Война окончилась. А у Гогена было только одно желание – как можно скорей вырваться из своей плавучей тюрьмы. Пять лет, проведенных на море, убедили его, что он совершил ошибку, выбрав профессию моряка. По его собственным словам, этот опыт «отравил его жизнь». Он поддался мечте, которая обманула его. И та же мечта, та самая мечта порой в часы отдыха вкладывала в его руку карандаш и заставляла рисовать… Он не придавал этому большого значения, просто повиновался какому-то импульсу. «Словно убивал время».
Последнее плавание привело Гогена в Алжир, оттуда он попал в Тулон. В Тулоне 23 апреля Гоген получил десятимесячный отпуск с правом его продления и сошел на берег с корвета «Дезе».
Он собирался вернуться в семью Ароза. Но где жили теперь братья Ароза? В Париже, взбудораженном последними днями Коммуны? Или в Сен-Клу, сожженном немцами в канун перемирия – 25 января?
Дом Алины тоже подвергся опустошению. Гоген не нашел там ничего – ни воспоминаний о матери, ни перуанской глиняной утвари и фигурок. Все погибло в огне. Прошлое существовало отныне только в воспоминаниях матроса, освободившегося от службы.
* * *
На парижской бирже 6 июня, через несколько дней после падения Коммуны, трехпроцентные бумаги котировались по 53,65 франка.
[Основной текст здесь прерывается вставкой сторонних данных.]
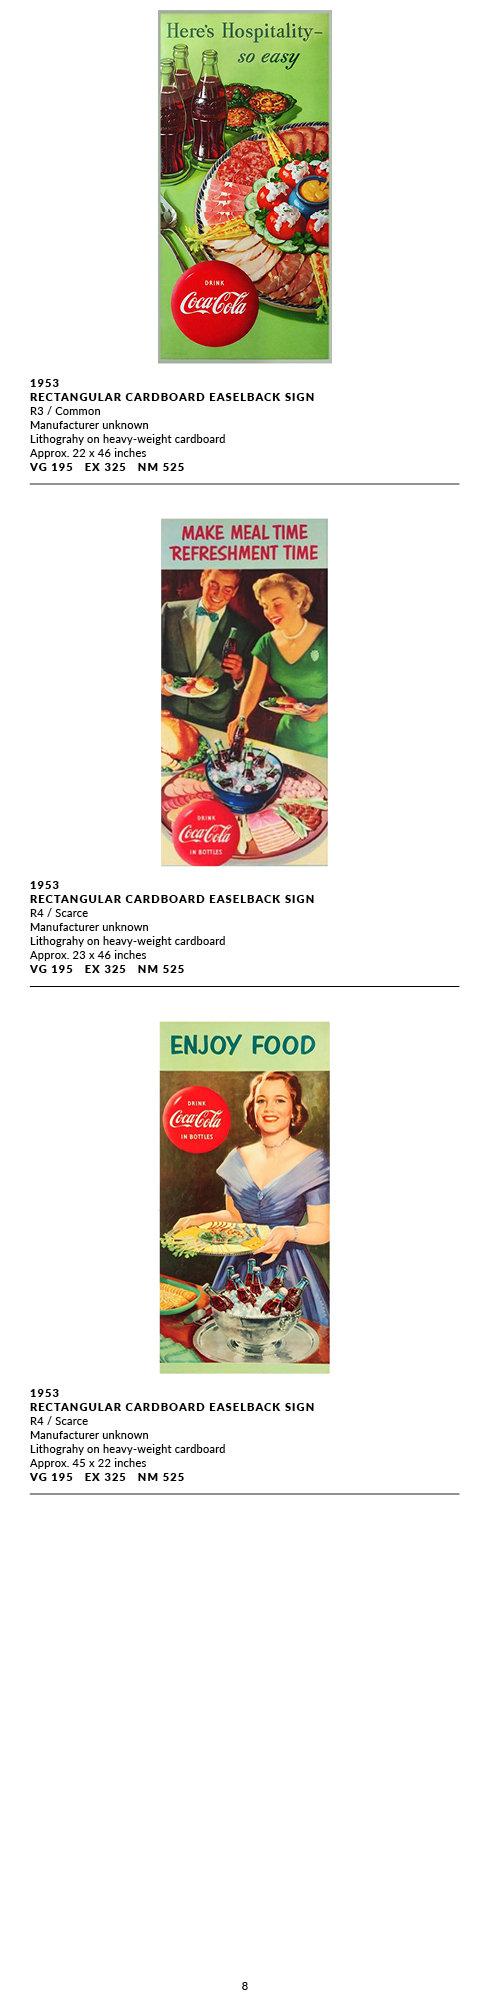 2018_1940-1969RectCardboards8.jpg

Цена не слишком блестящая, но ни на что иное нельзя было рассчитывать сразу после войны, из которой Франция вышла истерзанной, неуверенной в своем завтрашнем дне.
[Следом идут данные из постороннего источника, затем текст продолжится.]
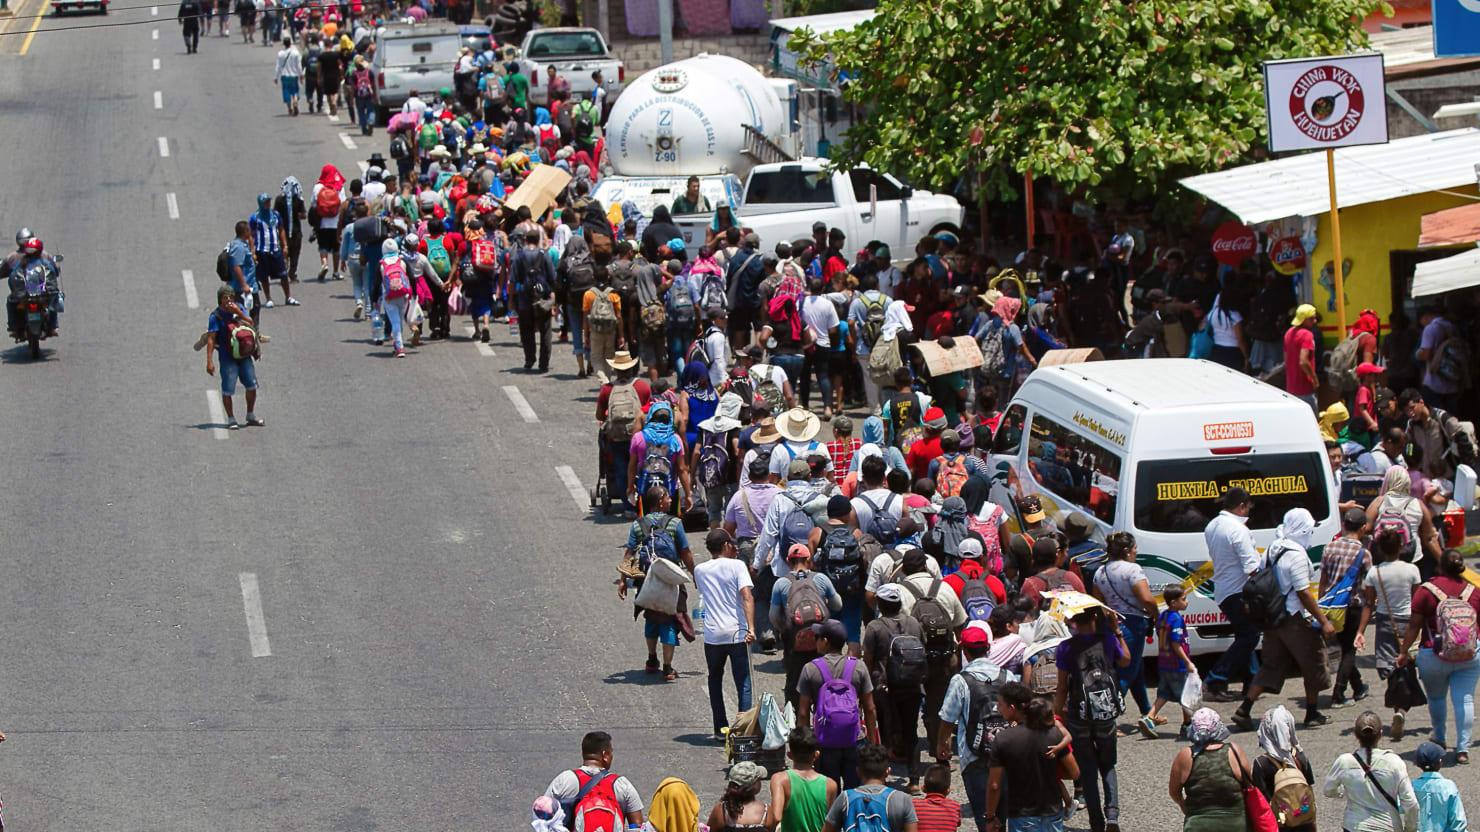 Migrant Caravan: Mexican Authorities Detain Hundreds in Raid

Подыскивая какое-нибудь место для Гогена, Гюстав Ароза решил устроить его к биржевому маклеру Полю Бертену, контора которого находилась на улице Лафит, 1. Зять Бертена, Адольф Кальзадо, директор финансовой газеты, издававшейся в Париже на испанском языке, – «Фундос публикос», был в то же время директором этой фирмы. Гоген получил должность посредника.
Курсы на бирже в этот момент упали довольно низко, объем сделок сократился, но сведущие люди ожидали, что положение скоро изменится. Необходимость восстановить то, что разрушила война, пополнить запасы товаров и даже выплатить пять миллиардов франков контрибуции немцам должна была в ближайшем будущем вызвать большое финансовое оживление.
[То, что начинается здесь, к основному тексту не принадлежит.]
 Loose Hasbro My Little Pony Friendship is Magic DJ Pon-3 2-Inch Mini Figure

Гоген никак не был подготовлен к тому, чтобы стать биржевым посредником. Но эта профессия не требовала специальных познаний. Посредники получали распоряжения о купле и продаже от биржевых спекулянтов, собиравшихся в кафе неподалеку от биржи или на бульварах и обсуждавших там свои дела, и заносили их в записные книжки. Многие молодые люди из приличных семей, аристократы и буржуа, нашли в этой профессии удобный способ зарабатывать на жизнь или округлить свое состояние.
Гоген прекрасно справлялся с доверенным ему делом. Если бы не его медленная, тяжеловатая, чуть враскачку походка, какой обычно ходят моряки, трудно было бы узнать бывшего матроса в этом молодом, элегантно одетом человеке, в цилиндре, который старательно заполнял свою книжицу, под диктовку клиентов кафе «Тортони» или в «Английском кафе». Однако его первые шаги ознаменовались маленьким происшествием.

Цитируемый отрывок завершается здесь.